Dance of Disassembly



By: Tristan Deeley
We dance to the music no-one hears—the beats of our hearts, the breaths of our lungs, the caresses of our minds. No matter. Music of the mouth is unnatural and discordant; instruments are not as perfect as we are.
I take your hand in mine, then take you all, from the shoulder onwards. When you twirl, the simple twist lends me your other arm, like soft clay being taken apart.
Armless, harmless, you spin to the floor, legs spread wide for me. A gentle tug, the ones you like, which elicit purrs from your porcelain throat, and I have them, too. 
The torso is much harder. Nothing to hold and pull, at least not without hurting you. I run a fingernail gently across your neck, and that does the trick. You fall apart.
You roll away now, as I pick up your body and follow. You’ve gone far ahead. Ahead; I chuckle throatily at the thought. I am so tired. Only the sane sleep.
I catch your head, the backs of my fingers resting on your delicate cheek. You cannot leave yet. Not until I am done. Not until we finish our dance. I smile softly into your eyes, your cold glare sending arrows up at me. You hadn’t thought I would take it this far.

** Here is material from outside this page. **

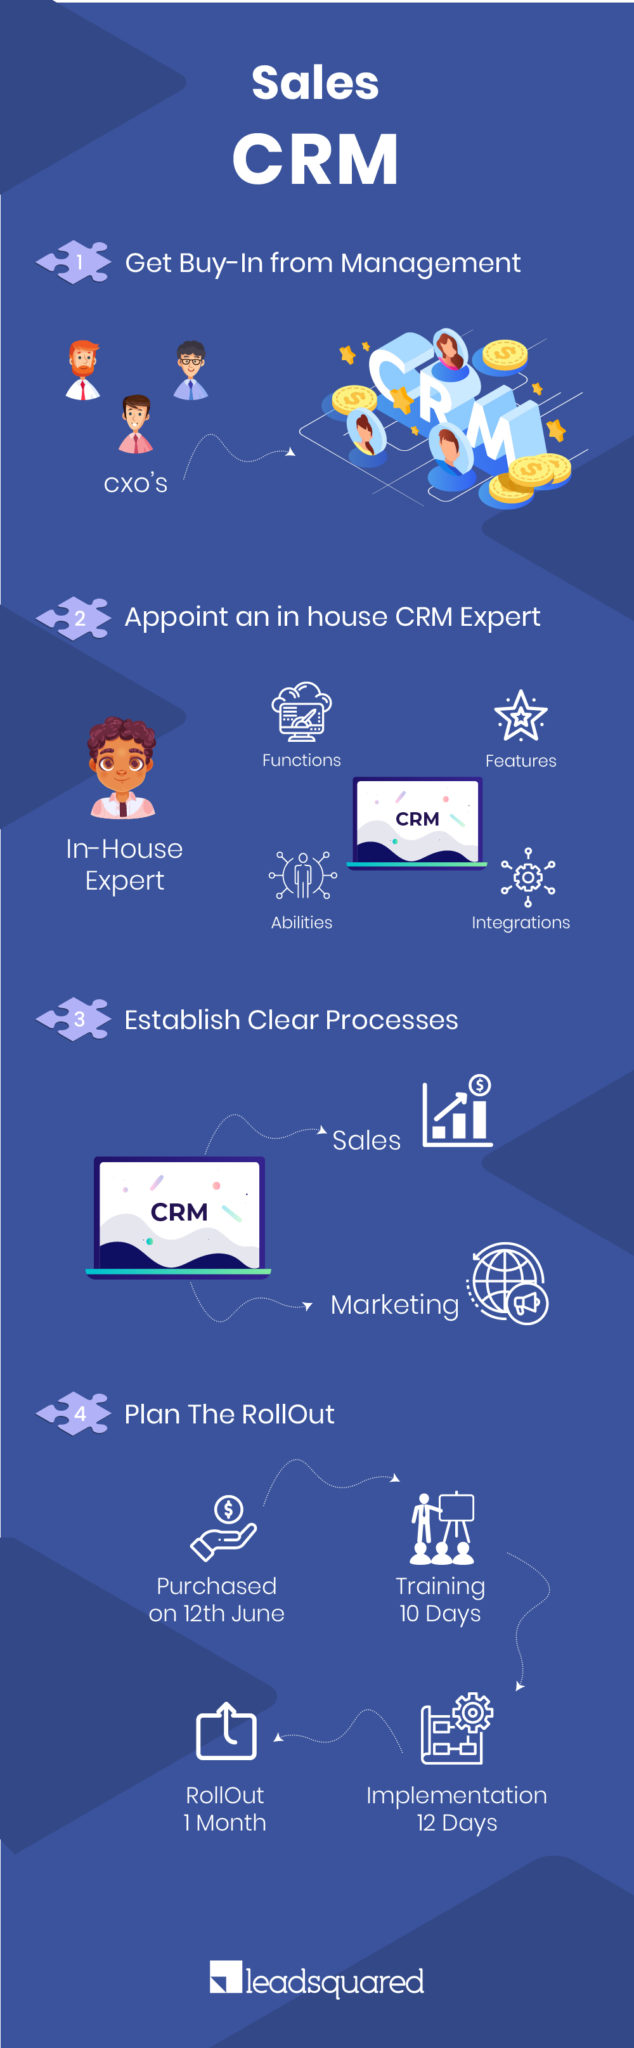 Sales CRM - infographic

I ponder your eyes. Deep brown, like chocolate. Wild, though. Untameable, untakeable. I look at my full arms. There is no room, anyway. I would not want to break them. They look beautiful in your sockets, and I must leave something. A single tear runs down your snowy face, falling to the marble ground. But I am still hungry. Not my mouth, nor my stomach, but my soul.
With a final kiss, I take your lips, and I tuck them into my breast-pocket. For later.
 
Tristan Deeley is 17 and lives in Queensland, Australia.